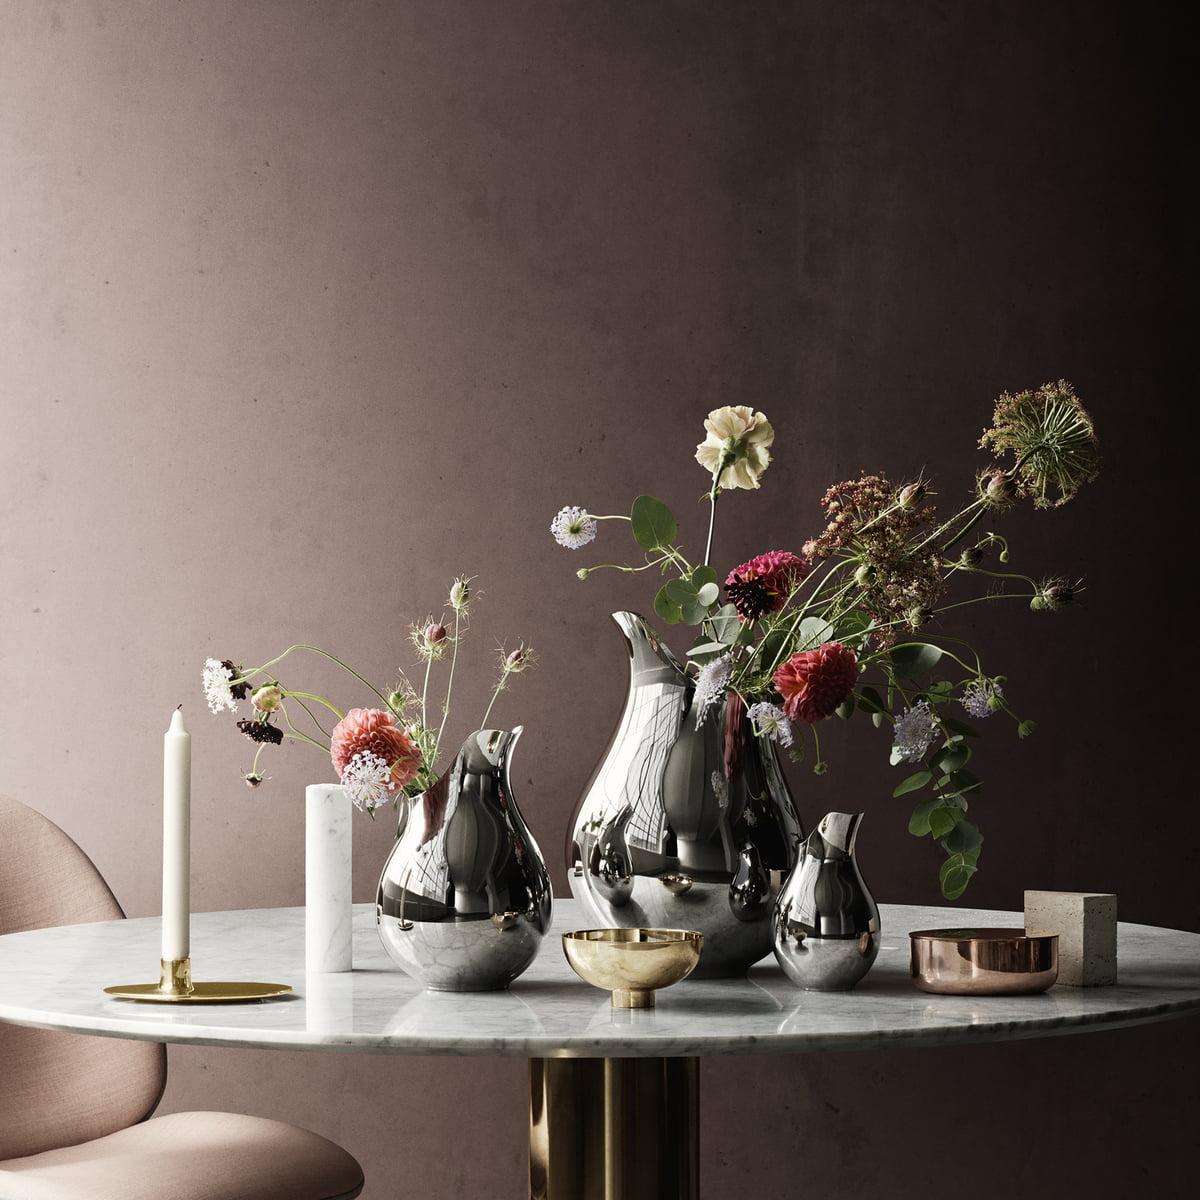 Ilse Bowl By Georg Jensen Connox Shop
=======
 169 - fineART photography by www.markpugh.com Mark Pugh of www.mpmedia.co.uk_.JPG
=======
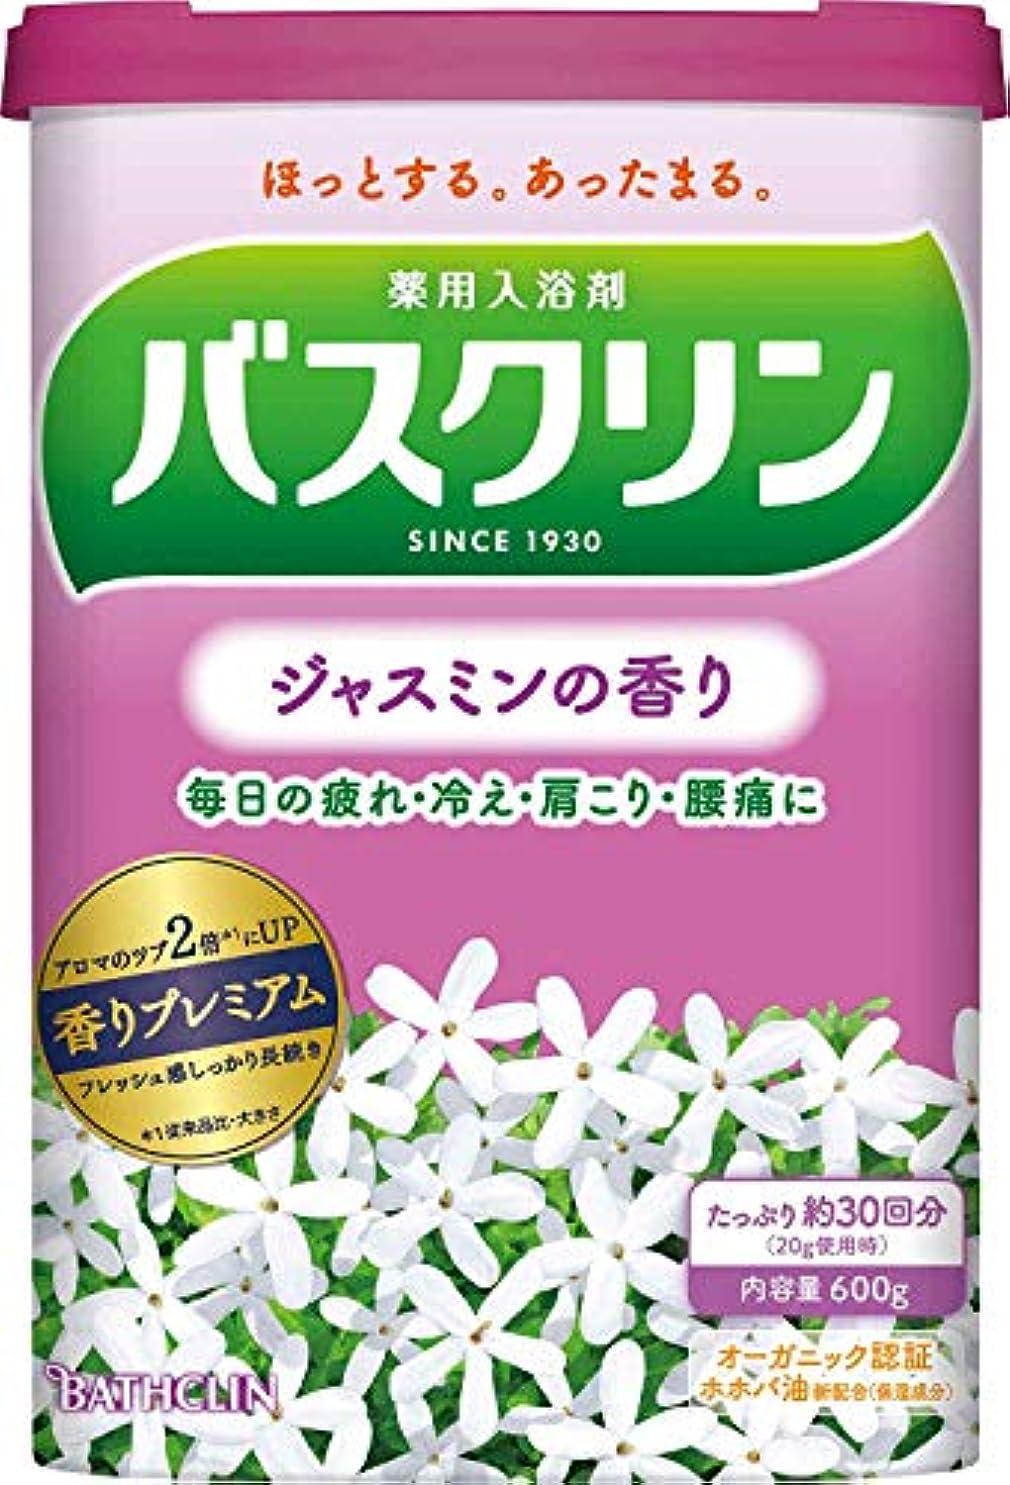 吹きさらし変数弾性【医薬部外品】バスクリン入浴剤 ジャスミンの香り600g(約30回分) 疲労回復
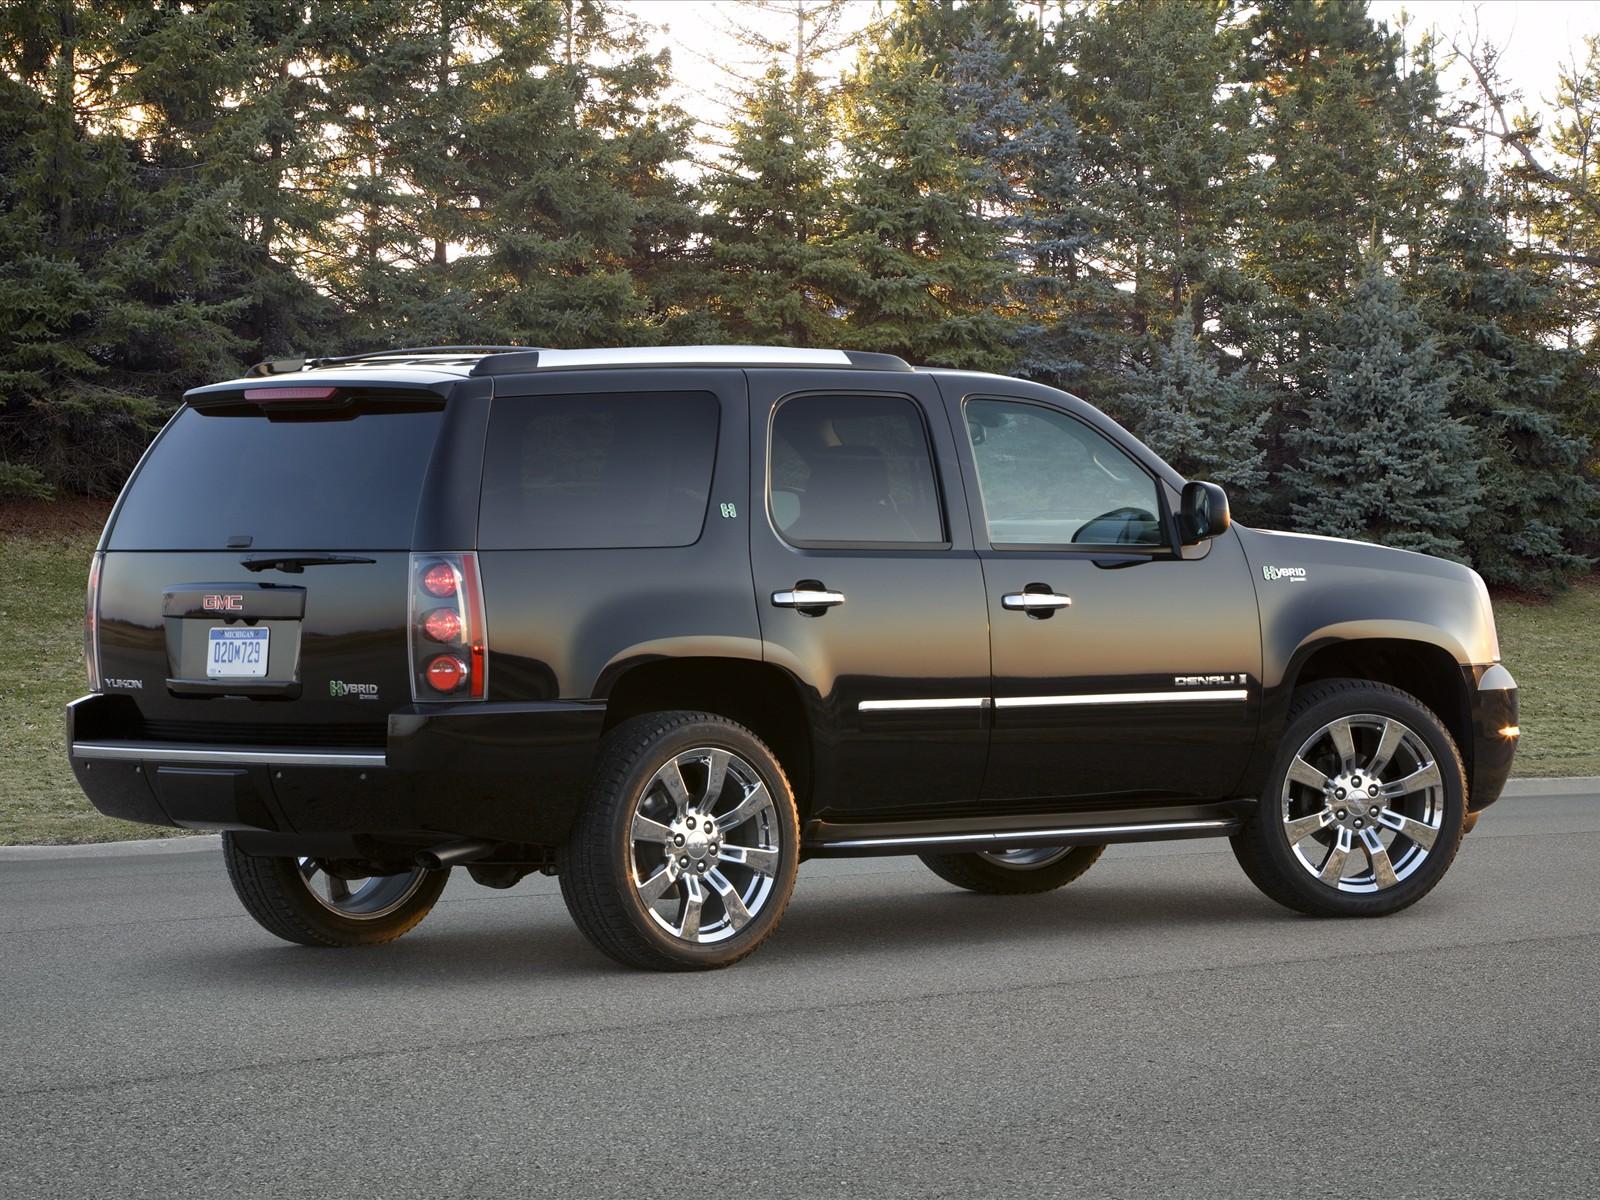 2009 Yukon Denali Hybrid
=======
**WORK ITEM**.
Find the line with "吹きさらし変数弾性【医薬部外品】バスクリン入浴剤 ジャスミンの香り600g(約30回分) 疲労回復" in the data above, and from there retype each line exactly through the line with "2009 Yukon Denali Hybrid", skipping the pictures along the way.

**SOLUTION FOR THIS EXERCISE**.
 吹きさらし変数弾性【医薬部外品】バスクリン入浴剤 ジャスミンの香り600g(約30回分) 疲労回復
 2009 Yukon Denali Hybrid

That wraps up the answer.